Investment Exchanges and Clearing Houses Act 2006
- Parliament of the United Kingdom
- Long title: An Act to confer power on the Financial Services Authority to disallow excessive regulatory provision by recognised investment exchanges and clearing houses; and for connected purposes.
- Citation: 2006 c. 55
- Introduced by: Gordon Brown, Chancellor of the Exchequer (Commons) Lord McKenzie of Luton, Lord-in-waiting (Lords)

Dates
- Royal assent: 19 December 2006
- Commencement: 20 December 2006

History of passage through Parliament

Text of statute as originally enacted

Revised text of statute as amended

= Investment Exchanges and Clearing Houses Act 2006 =

The Investment Exchanges and Clearing Houses Act 2006 (c. 55) is an act of the Parliament of the United Kingdom. It was intended to meet concerns that recognised investment exchanges and clearing houses might introduce excessive regulation.
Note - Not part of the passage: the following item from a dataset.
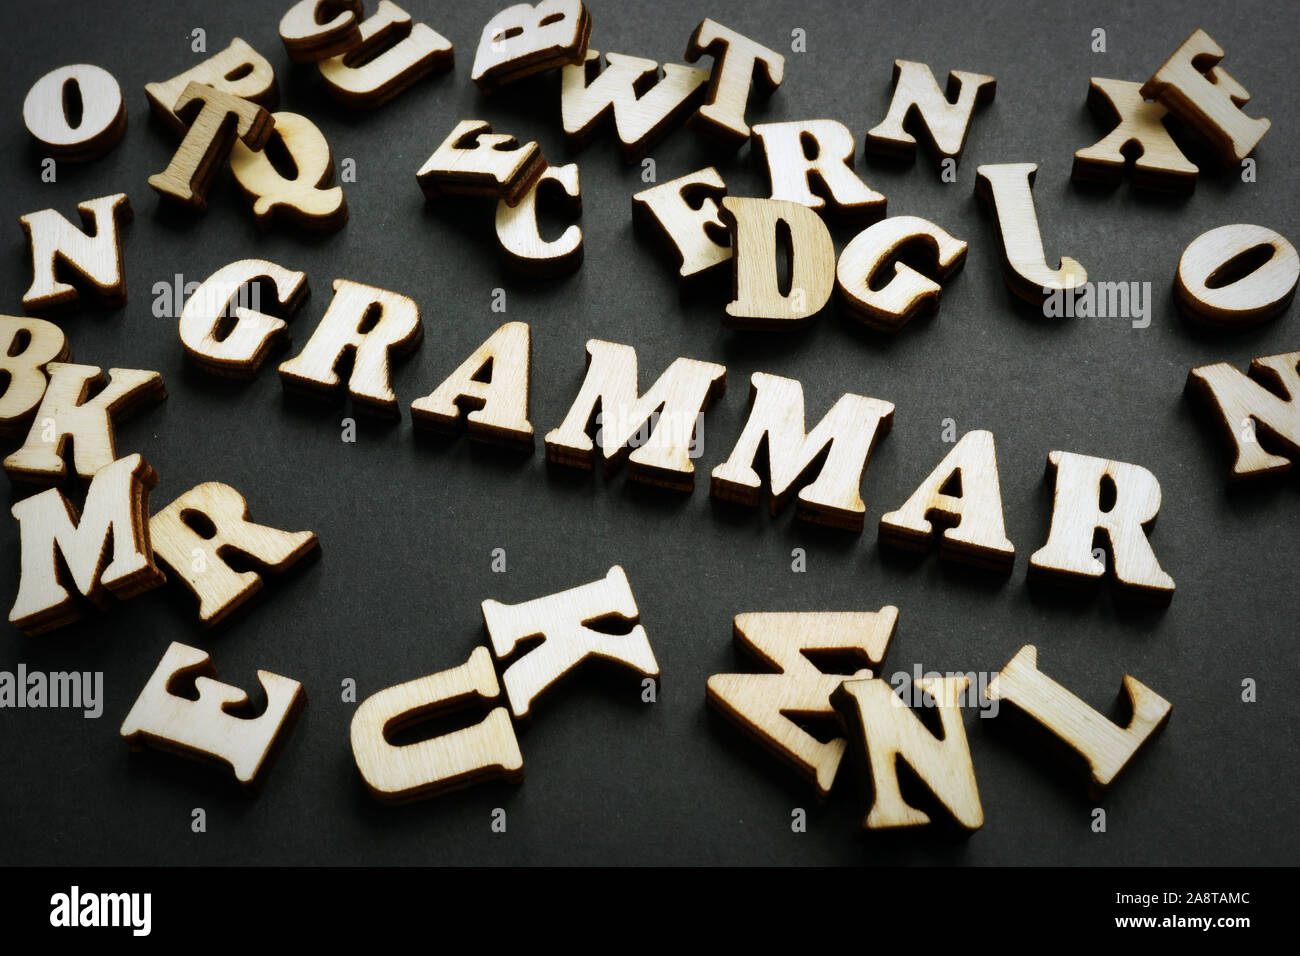 Grammatik Wort aus Holz Buchstaben. Englisch lernen - Konzept. Stockfoto
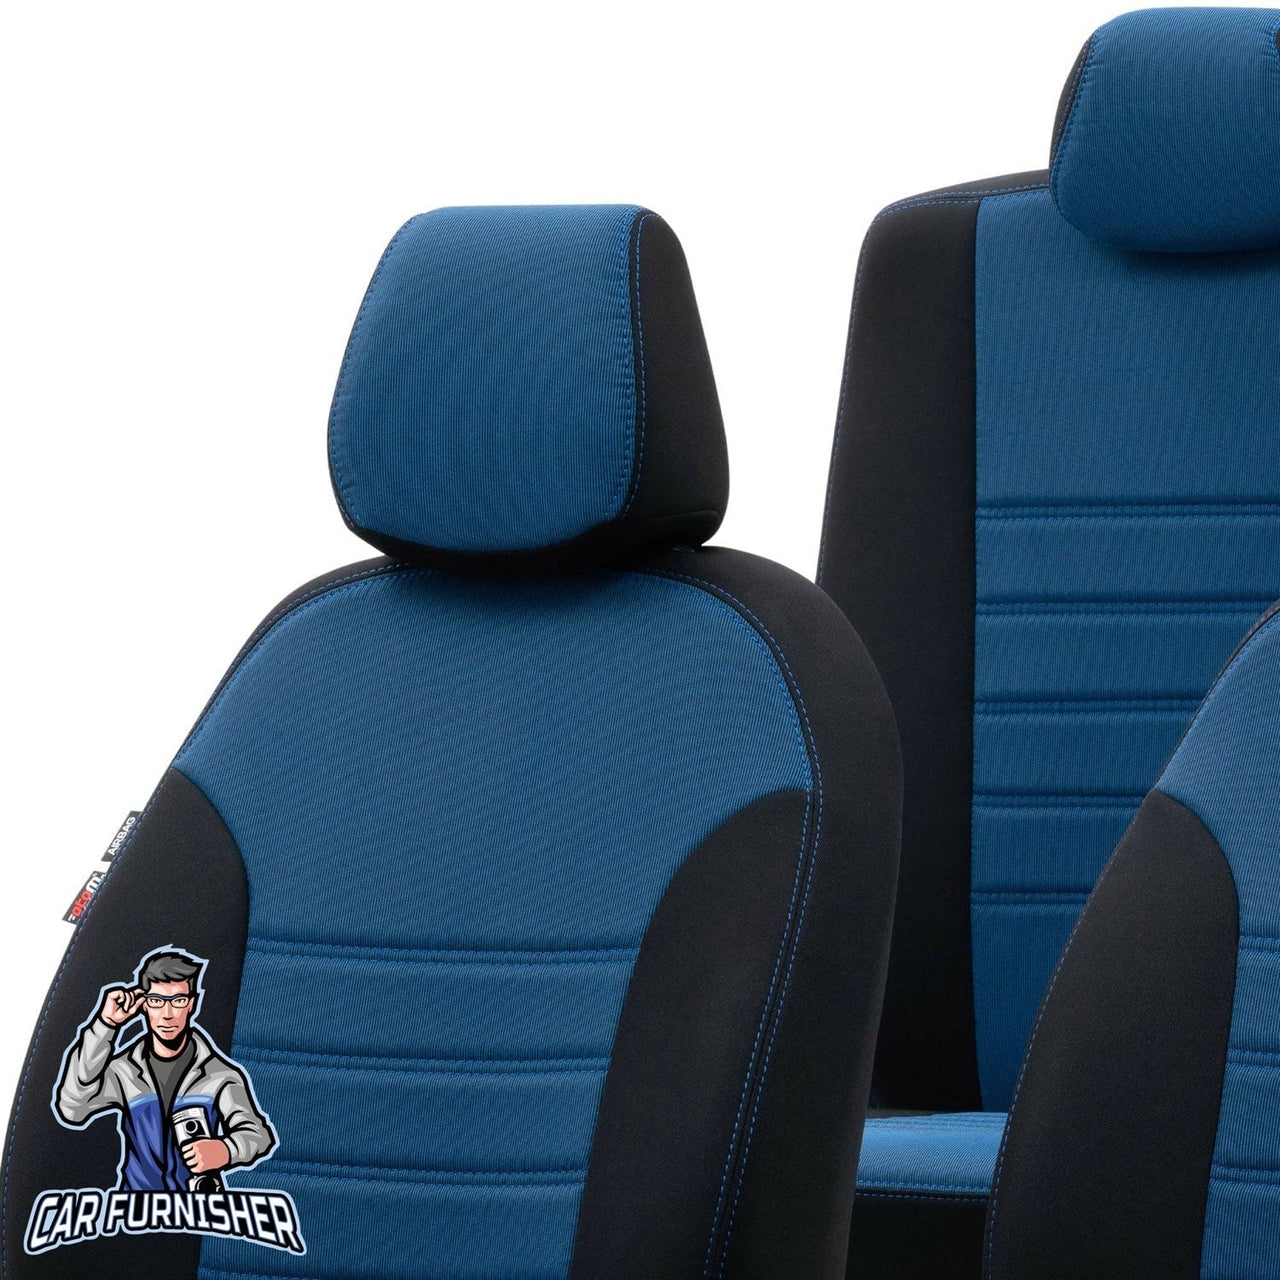 Bmw X3 Seat Cover Original Jacquard Design Blue Jacquard Fabric

This act is amended by articles 3 and 6 the Treaty of Lisbon (Changes in Terminology) Order 2011 (SI 2011/1043).

== Background ==
The act provided was passed due to concerns a NASDAQ takeover of the London Stock Exchange would lead to stronger regulations being imposed on the London Stock Exchange.

== Provisions ==
The act gave the Financial Services Authority (FSA) authority over regulations introduced by exchanges and clearing houses.

The goal of the legislation was to maintain the light-touch regulatory environment within the London Stock Exchange.